Emergency service workers extinguish a fire after shelling on the Bakhmut frontline in Ivanivske, Ukraine as Russia-Ukraine war continues on January 02, 2023.
Anadolu Agency | Anadolu Agency | Getty Images
When Russia invaded Ukraine a year ago, it shocked the world.
Although, in hindsight, it probably shouldn’t have — after all, Russia had amassed at least 100,000 troops along its border with Ukraine in the months leading up to the invasion, insisting all the time that it had no plans to invade.
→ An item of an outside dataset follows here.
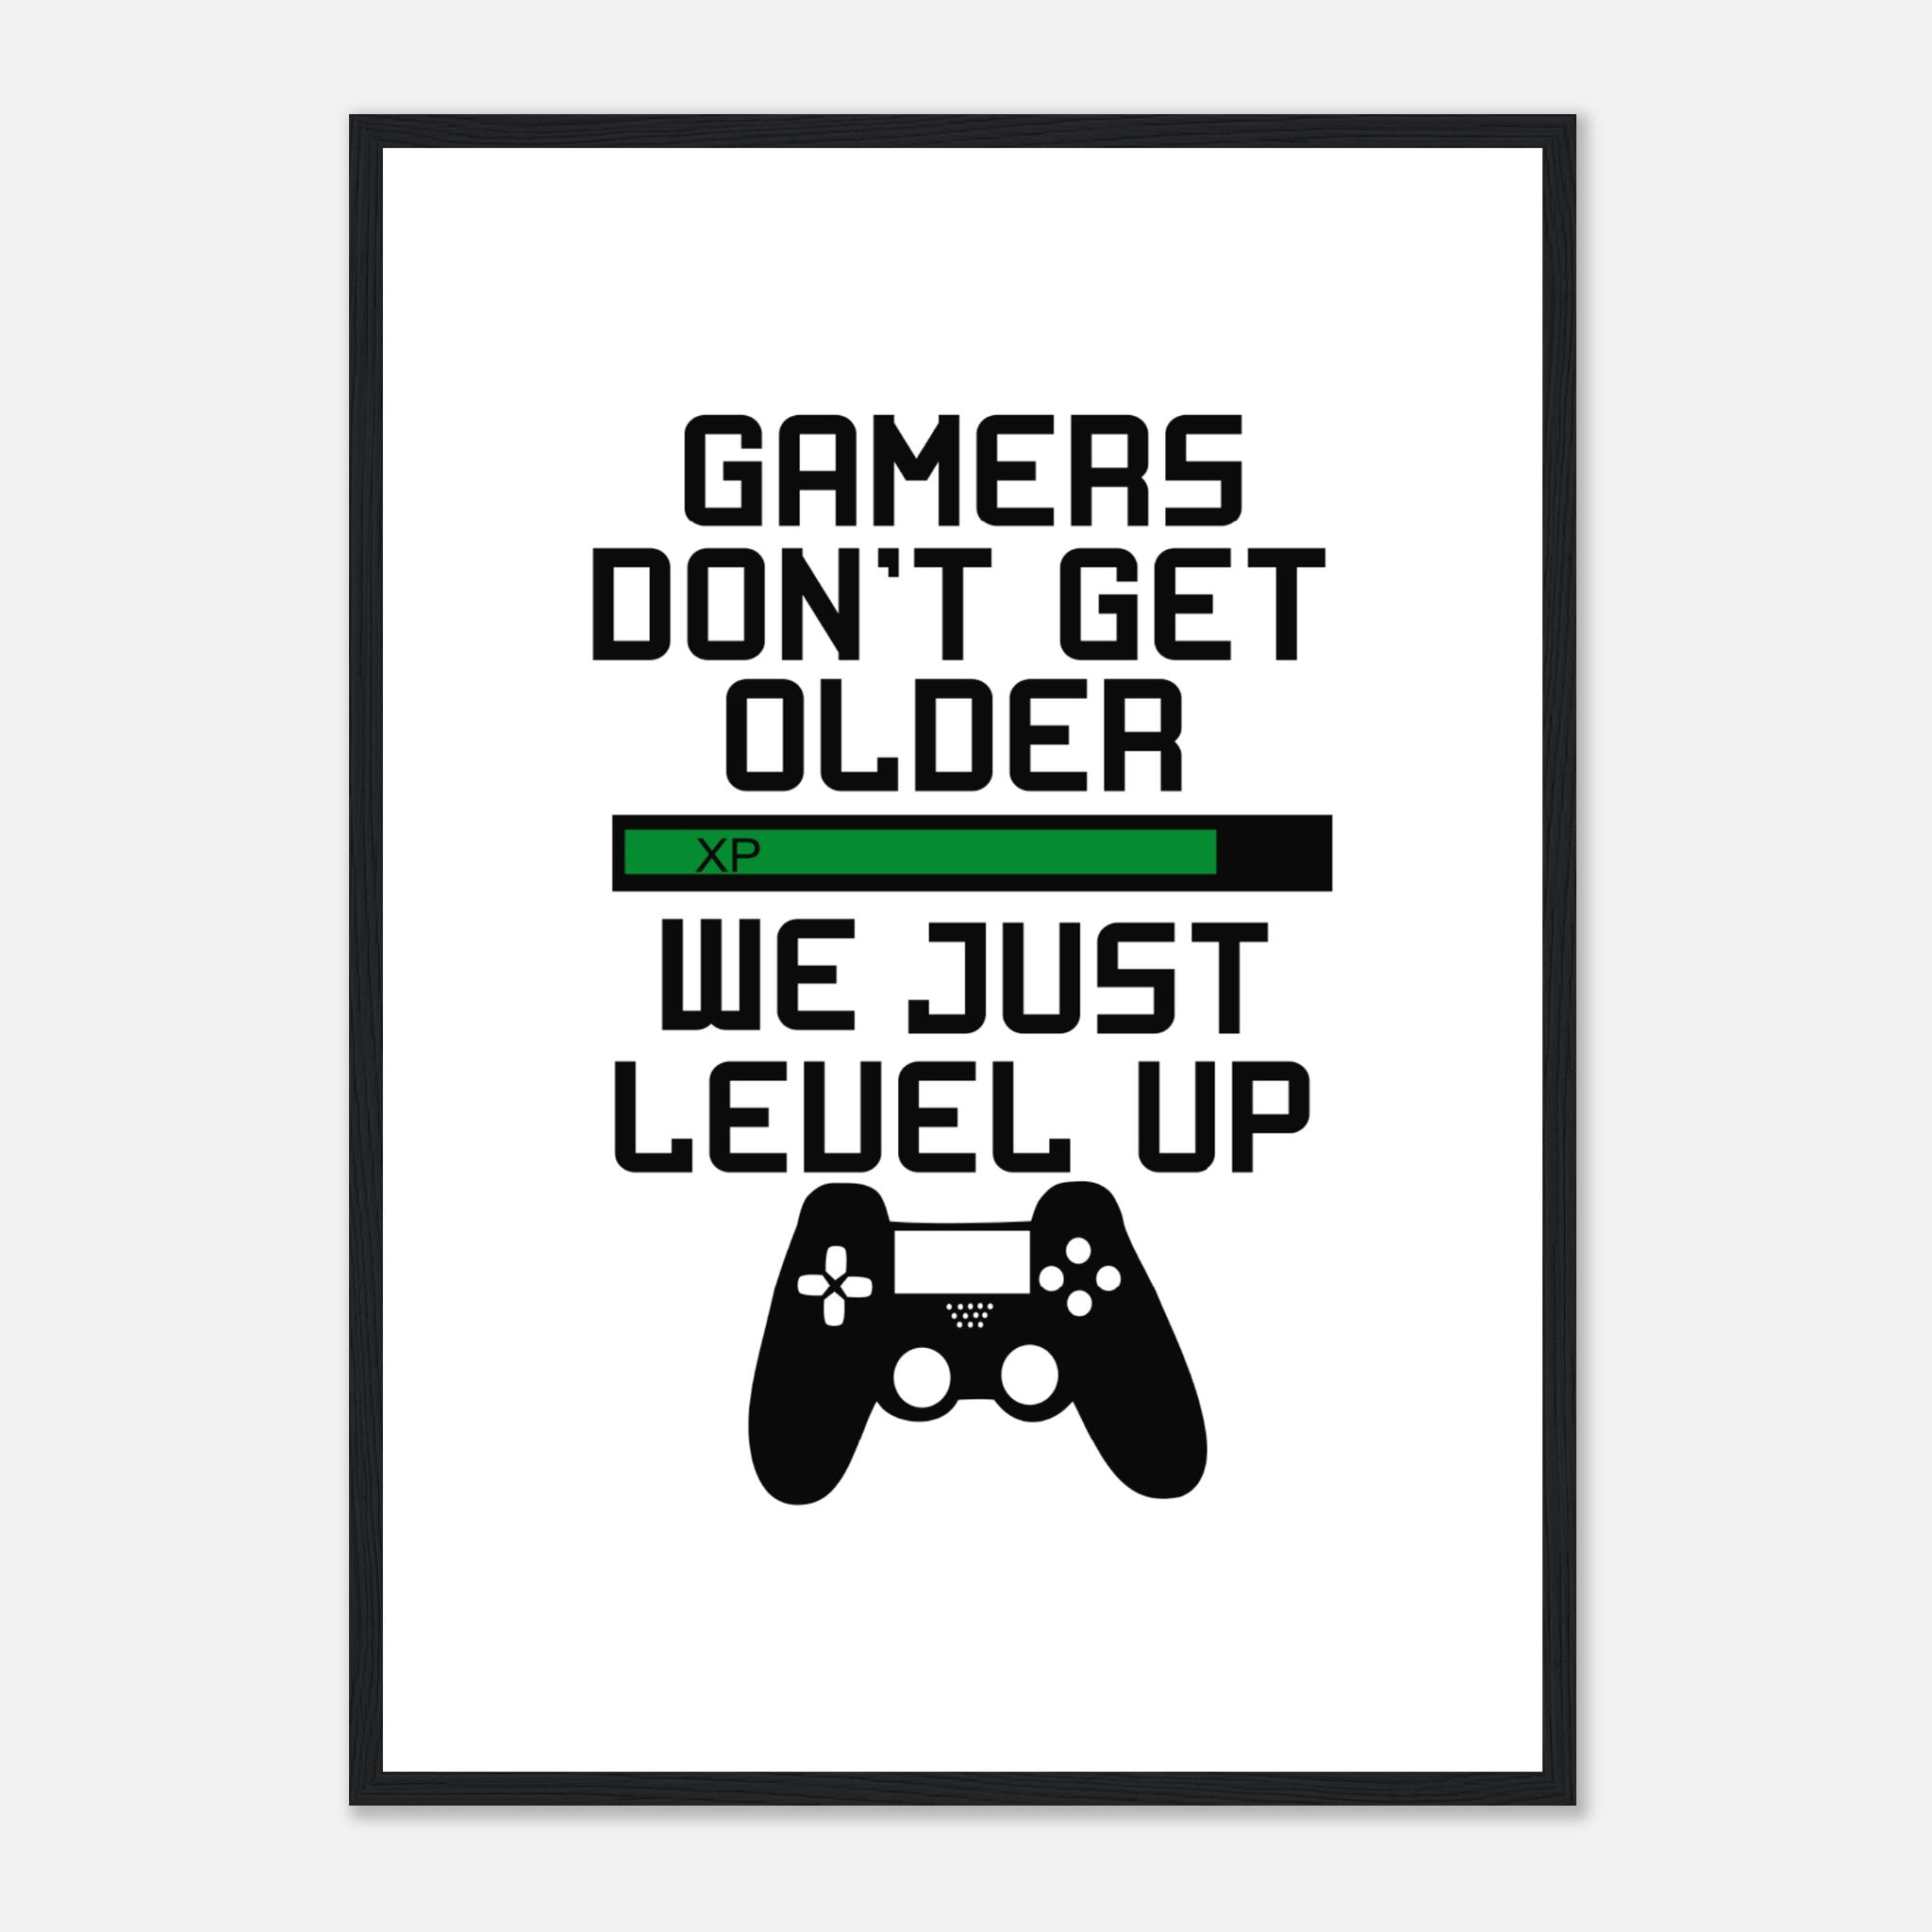 Funny Slogan for Gamers Poster Poster

Moscow had also been rebuffed by the West after it presented NATO with a list of demands asking for the military alliance to essentially roll back its activity in Eastern Europe, and to guarantee that Ukraine would never become a member of NATO.
Needless to say, the Western military alliance refused to accede to Russia’s demands and a few months later, on Feb. 24, 2022, Russian troops invaded Ukraine from the north, east and south of the country. It targeted the capital Kyiv, Kharkiv in the northeast, Donbas in the east, and the southeast of the country, along a swathe of territory reaching across to Crimea — a peninsula Russia had annexed back in 2014.
While Russian forces were able to seize a portion of Ukraine in the east and south, aided by the conduit offered by Russian-occupied Crimea, the overly-ambitious scale and breadth of the invasion quickly came back to haunt Moscow. In April, it was forced to withdraw its forces from the Kyiv area, a retreat seen as a humiliating defeat for Russia.
A Ukrainian serviceman of the 93rd brigade stands near a pile of empty mortar shell containers in Bakhmut on February 15, 2023, amid the Russian invasion of Ukraine.
Yasuyoshi Chiba | AFP | Getty Images
Ukraine saw further strategic victories last year as it launched successful and surprise counteroffensives around Kherson in the south, and Kharkiv in the north, where it managed to push Russian forces back deeper into the Donbas.